Football RL

Unity Engine • MLAgents • Reinforcement Learning

Demos

Architecture & Environment

This project involves training a Reinforcement Learning agent to play football using the Google Research Football environment. The agent was trained using PPO. This project was designed to test the limits of self-play reinforcement learning in a continuous, physics-heavy environment. The agents control physical rigidbodies and must learn to navigate, jump, kick, and defend without any hardcoded behavior trees or state machines.
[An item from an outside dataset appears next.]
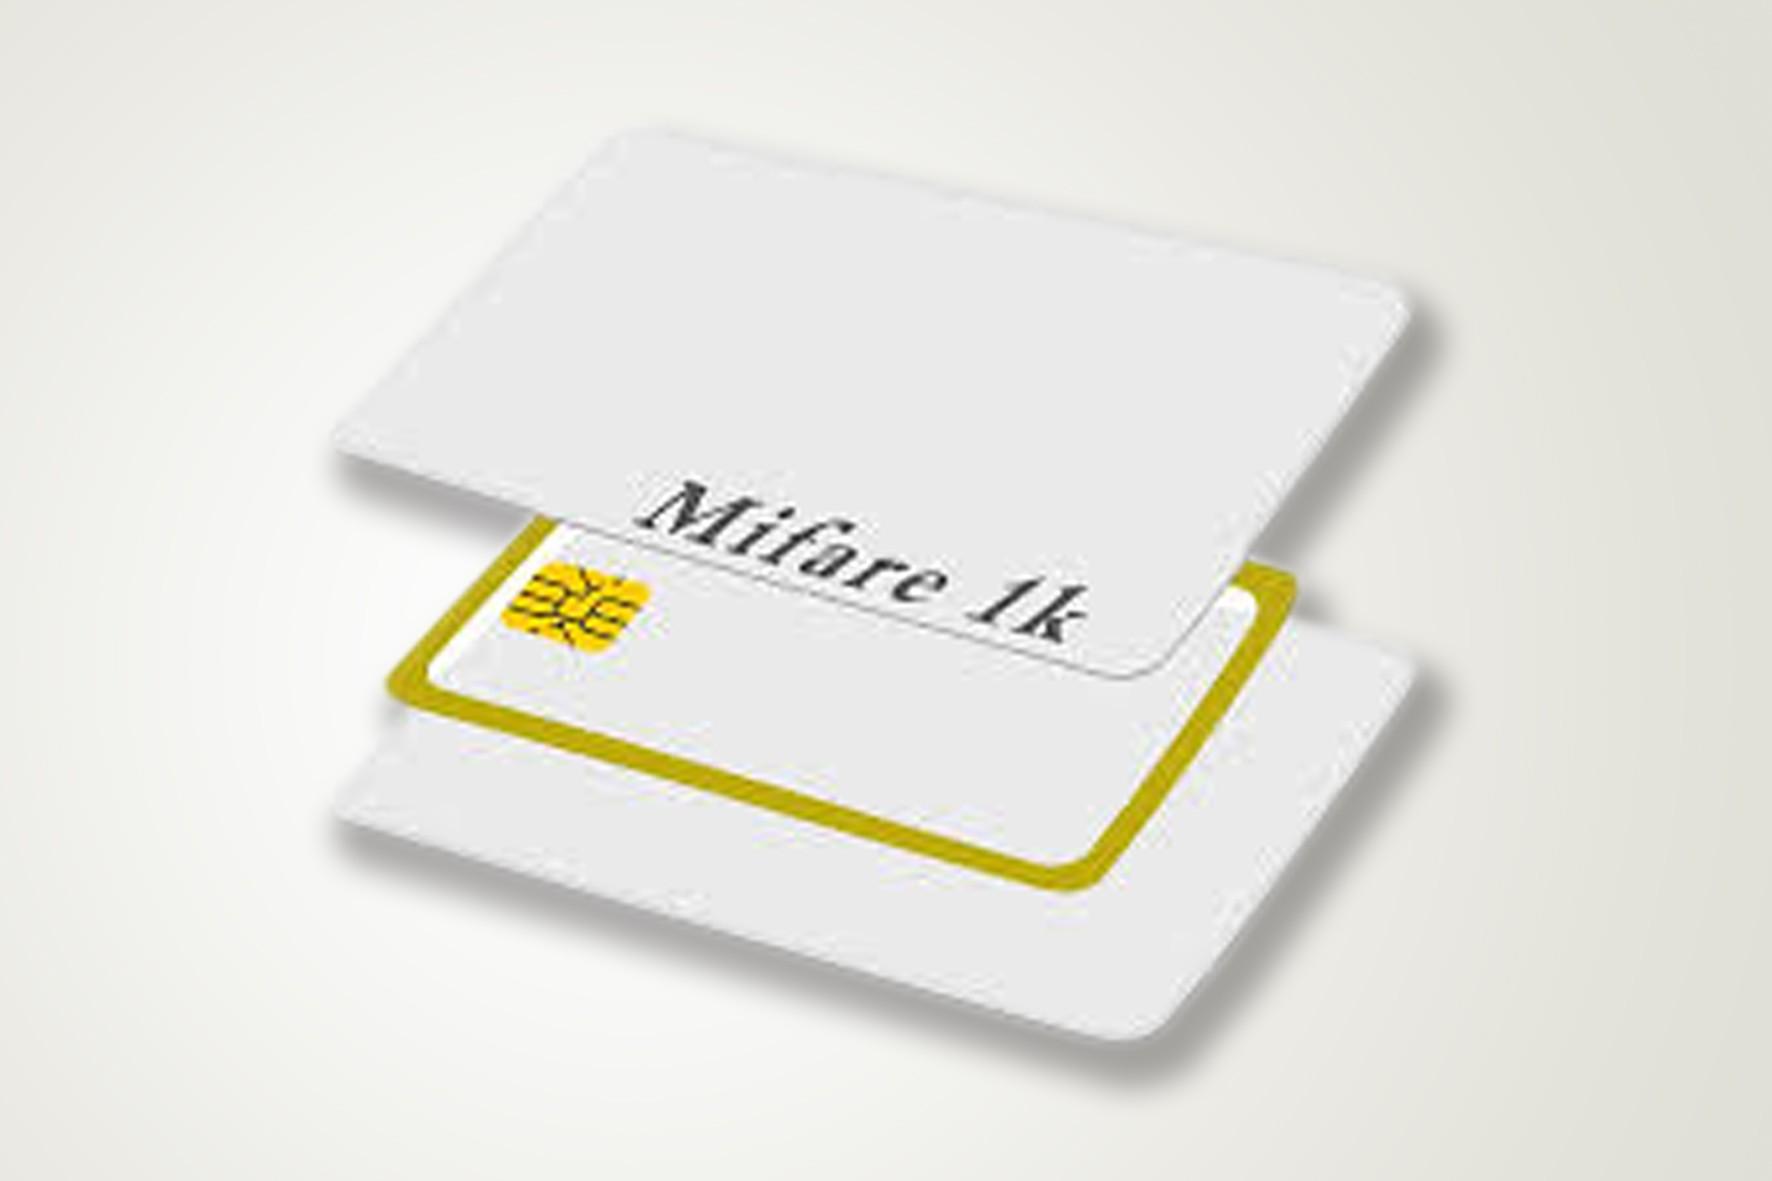 Cartões Mifare no Jardim Bom Pastor - Cardápio de Plástico

One of the biggest challenges in this environment was overcoming the Nash Equilibrium—where agents realized that defending their own goal yielded a mathematically safer reward (0.0) than risking a midfield tackle (-1.0).

Training Metrics

Cumulative Rewards over Timesteps

The Big Brain (orange line) establishes an early lead in cumulative reward and maintains the highest overall performance throughout most of the training. Interestingly, the Baseline (grey line) struggles initially, staying flat near -0.2 until around 600k steps, before rapidly learning and catching up to the others. The Wildcard (teal line) shows a more gradual, consistent learning curve than the Baseline but generally plateaus slightly lower than the Big Brain.

Average Episode Length

As the agents become more highly skilled, the average episode lengths for all three models decrease significantly, starting near 400 and converging around 150 by the end of training. The Baseline (grey line) maintained the maximum episode length for the first 600k steps before finally figuring out how to score, which perfectly aligns with its delayed spike in cumulative reward. Meanwhile, the Big Brain (orange line) learned to conclude episodes much faster early in the training process.

Policy Entropy

Entropy measures the randomness of the agent's actions. The Wildcard (teal line) exhibits a steadily increasing entropy curve throughout the training session, peaking near 2.5. In contrast, both the Big Brain (orange line) and the Baseline (grey line) show a steady decrease in entropy, gradually dropping below 1.9. This confirms that the hyperparameter tweaks successfully forced the Wildcard to maintain high exploration and unpredictable gameplay.